▸ **WHAT YOU ARE ASKED TO DO**:
Pictures aside, repeat the listing below exactly.

▸ **DATA PROVIDED**:
━━━━━━

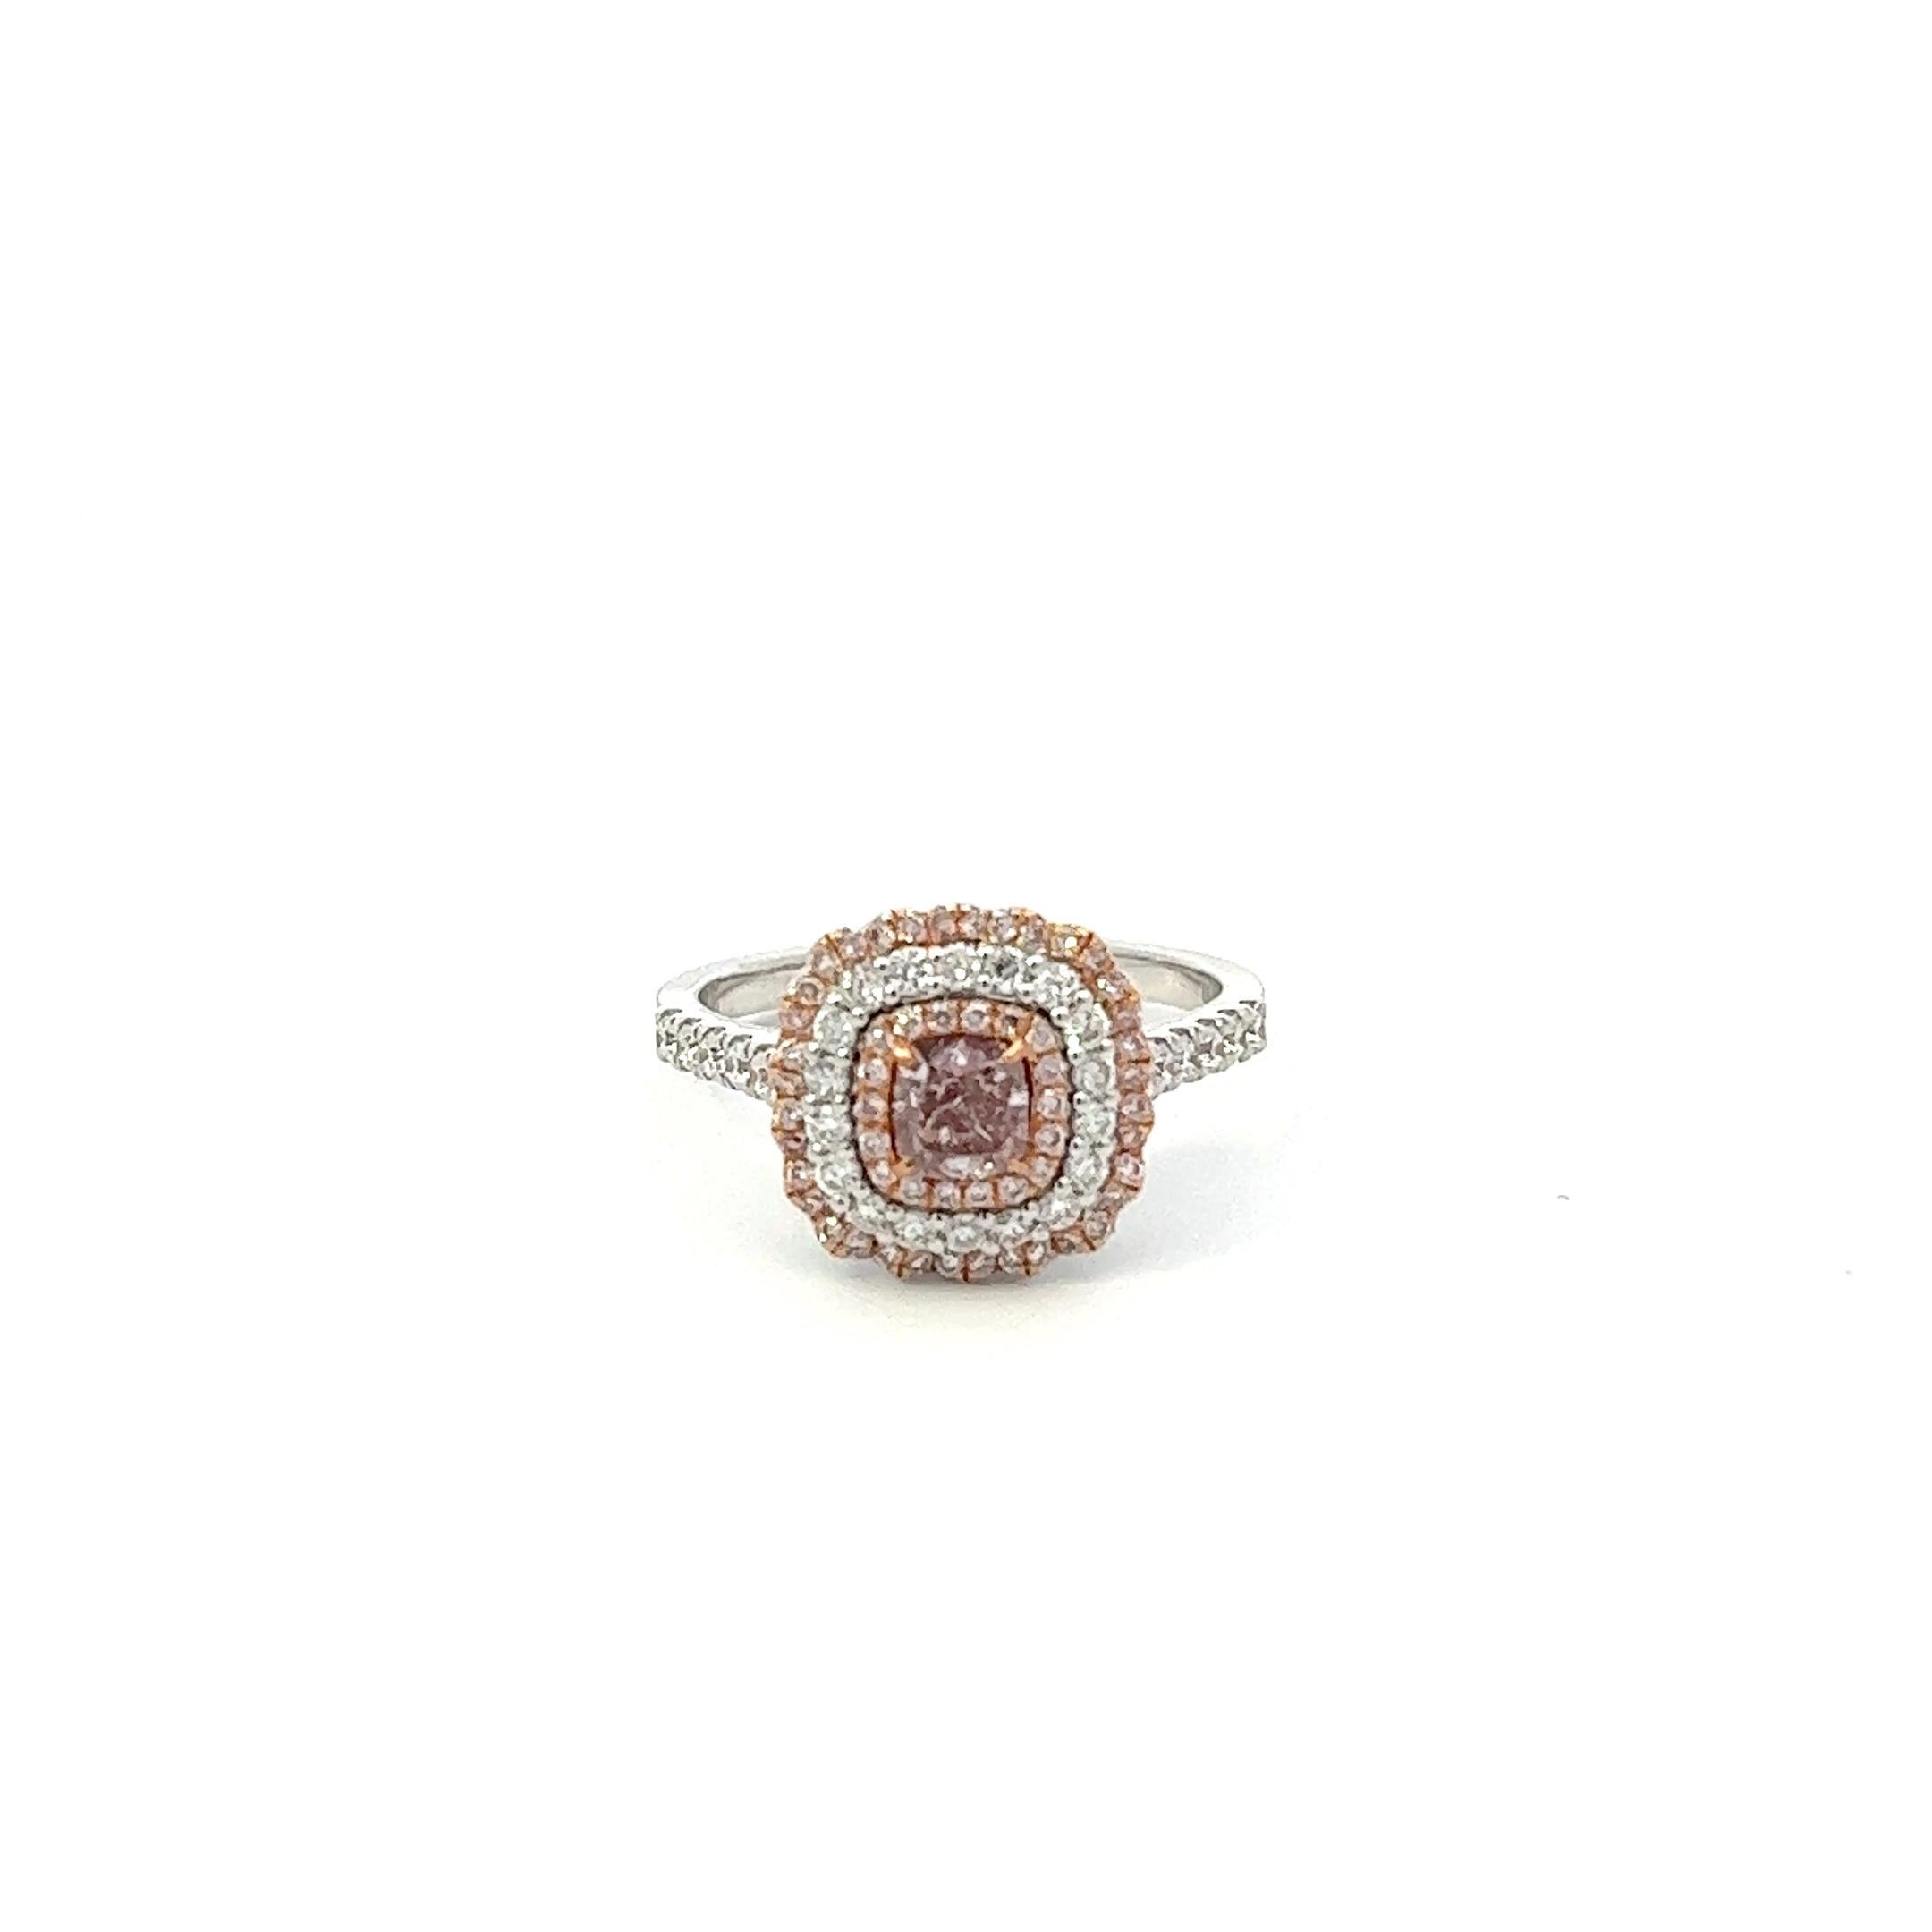 Center: 0.50ct Fancy Brownish Pink Cushion I2 GIA# 2407850499
Setting: 18k White Gold 0.60ctw Pink and White Diamonds

An extremely rare and stunning natural pink diamond center. Pink Diamonds account for less than 0.01% of all diamonds mined in the
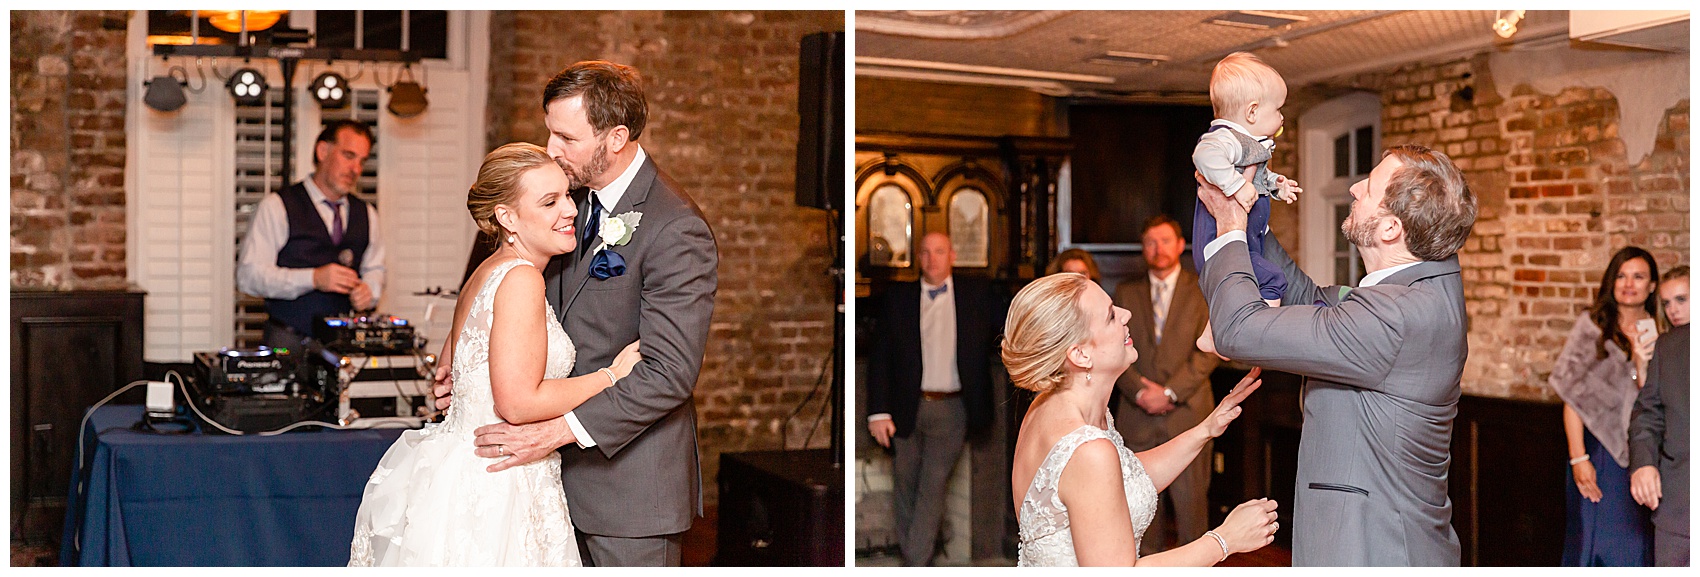 wedding reception at the Historic Rice Mill in downtown Charleston

━━━━━━

▸ **RESPONSE**:
 Center: 0.50ct Fancy Brownish Pink Cushion I2 GIA# 2407850499
Setting: 18k White Gold 0.60ctw Pink and White Diamonds

An extremely rare and stunning natural pink diamond center. Pink Diamonds account for less than 0.01% of all diamonds mined in the
 wedding reception at the Historic Rice Mill in downtown Charleston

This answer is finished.